You see, here’s my problem: if we accept that learning is not the same thing as performance, then how can we possibly think that any AfL strategies are measuring anything except performance? For those that can’t be bothered to follow the link I’ll summarise thusly: learning is much too complex to be directly observed, it can only be inferred from pupils’ performance. And by learning here I mean the ability to retain information in long term memory and transfer to new domains.
Just in case all that’s a little opaque, let’s break down what happens in lessons which follow the principles of AfL:
- Teacher sets learning objective & shares success criteria
- Teacher introduces task designed to test whether pupils have understood and are able to meet the learning objective and success criteria
- Pupils attempt task
- Teacher assesses pupils (maybe using self or peer assessment) against the success criteria
- Teacher uses data from assessment to adjust teaching next lesson.
Have I got that about right? I must have taught about a billion lessons which have pretty much followed this pattern. And in every single one of them I have laboured under several misapprehensions. Maybe you have too? These are the pits into which we often fall:
- The Input/Output myth: what a teacher teachers, pupils learn. This leads to…
- Mistaking performance for learning – just because pupils can do something this lesson, does not mean they will be able to do it next lesson
- Prioritising understanding above remembering – of course understanding is of a higher order than remembering, but it’s a devilishly slippery concept. It doesn’t matter what pupils understand if they can’t remember it. Ever had the experience of patting yourself on the back after a thrillingly brilliant lesson in which everyone understood everything and yet no one seems able to recall any of it next lesson? Yeah, me too.
- Lack of practice. We assume, wrongly, that if our pupils can do a thing once they have learned it. Well, maybe. But they certainly haven’t mastered it. AfL is predicated on the idea that if pupils seems to got it, we can move on to something else. This is a deeply unhelpful way to approach teaching.
So this is the real problem: if we adjust our teaching based on the outcome of students performance in the lesson rather than on what they’ve learned, where does that get us? Where I think it gets us is into a hopelessly confused mess where we’re constantly adjusting our lesson plans based on information which is at best inaccurate and at worst, utterly wrong. Doesn’t this just result in us chasing the tail of pupil progress like a sackful of demented Alsatian puppies?
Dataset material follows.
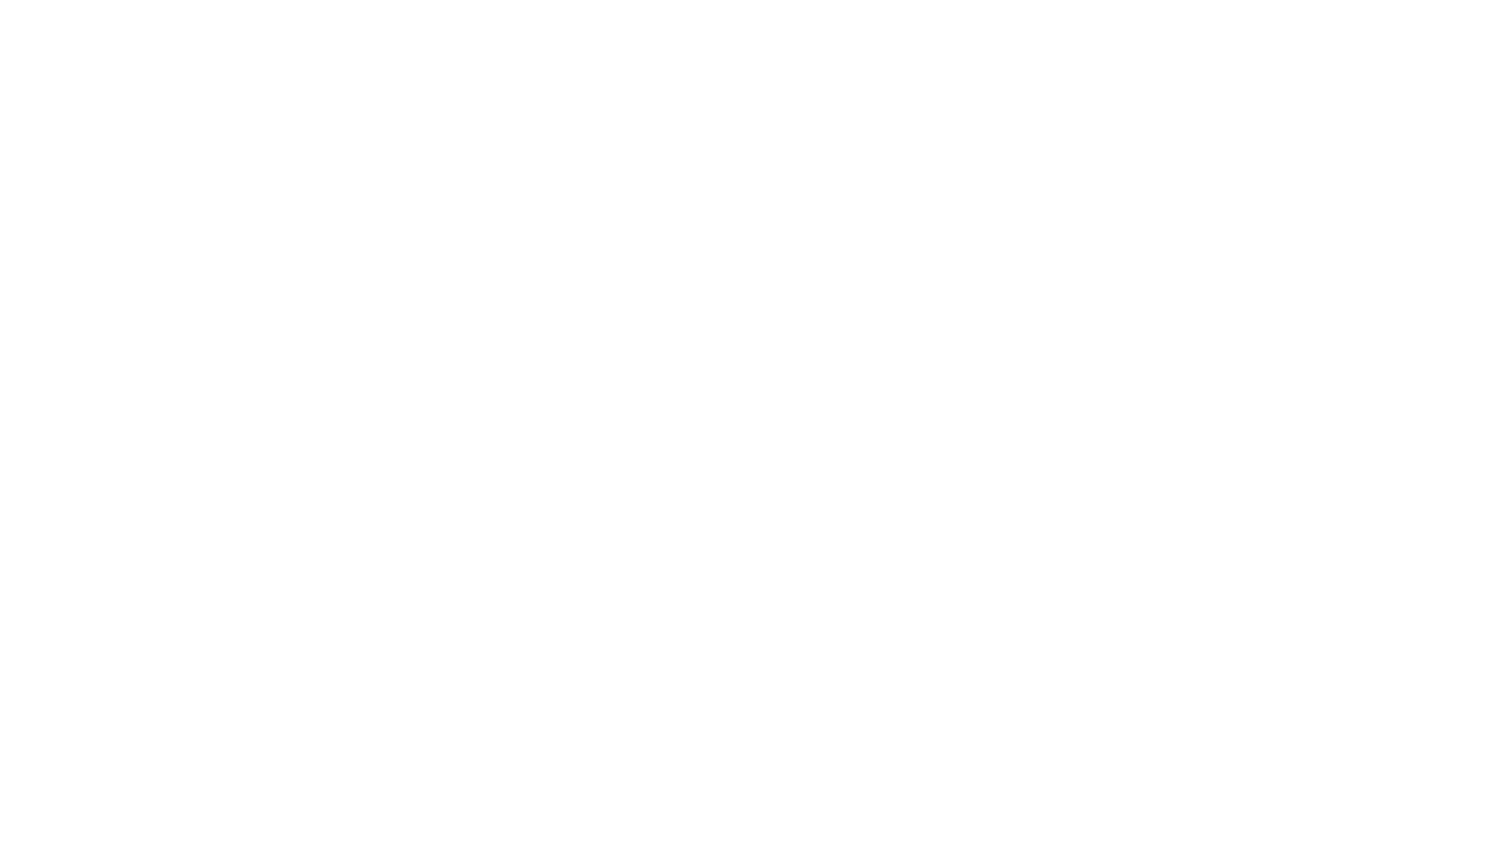 PeakXP

This post is really about people ‘doing’ AfL badly. Of course, none of this is to say that we shouldn’t use formative assessment, but let’s open the debate and be a little more thoughtful about why we’re using it and what we hope to accomplish. Let’s drain off the filthy bathwater and see if there’s a pedagogical baby worth salvaging. If we accept that AfL is just making sure kids know how to improve, then fine; that’s just good teaching. But if we’re seduced by the AfL industry pedalled by sharply suited Ofsted whisperers, then hopefully this will help pluck the scales from your eyes.
And if you’d like to take issue with any of this and feel compelled to point our the error of my ways, please do, but I’d rather you didn’t base your objections on that fact that I obviously haven’t understood what AfL really is. I have: click here for a sackful of posts proving this fact. That said, I’d welcome some feedback on this – haha!
[…] Continued in Chasing our tails – is AfL all it’s cracked up to be? […]
This post could be about any new trend in education; poorly understood by management; implemented too swiftly to impress inspectors. What a pity AfL/formative assessment is the target. Unlike the numeracy lesson with its many parts which was rolled out even before pilots were completed, AfL benefits from hundreds of research studies showing the efficacy of this mode of teaching many of which are referenced in Dylan William’s “Embedding Formative Assessment”.
It is the culture of fear that leads staff and management to forget that they are the professionals and they make the decisions about what is best for their students. Teachers need to step up and take ownership of research based best practice and stop following cargo cult quick fixes because of fear of inspectors.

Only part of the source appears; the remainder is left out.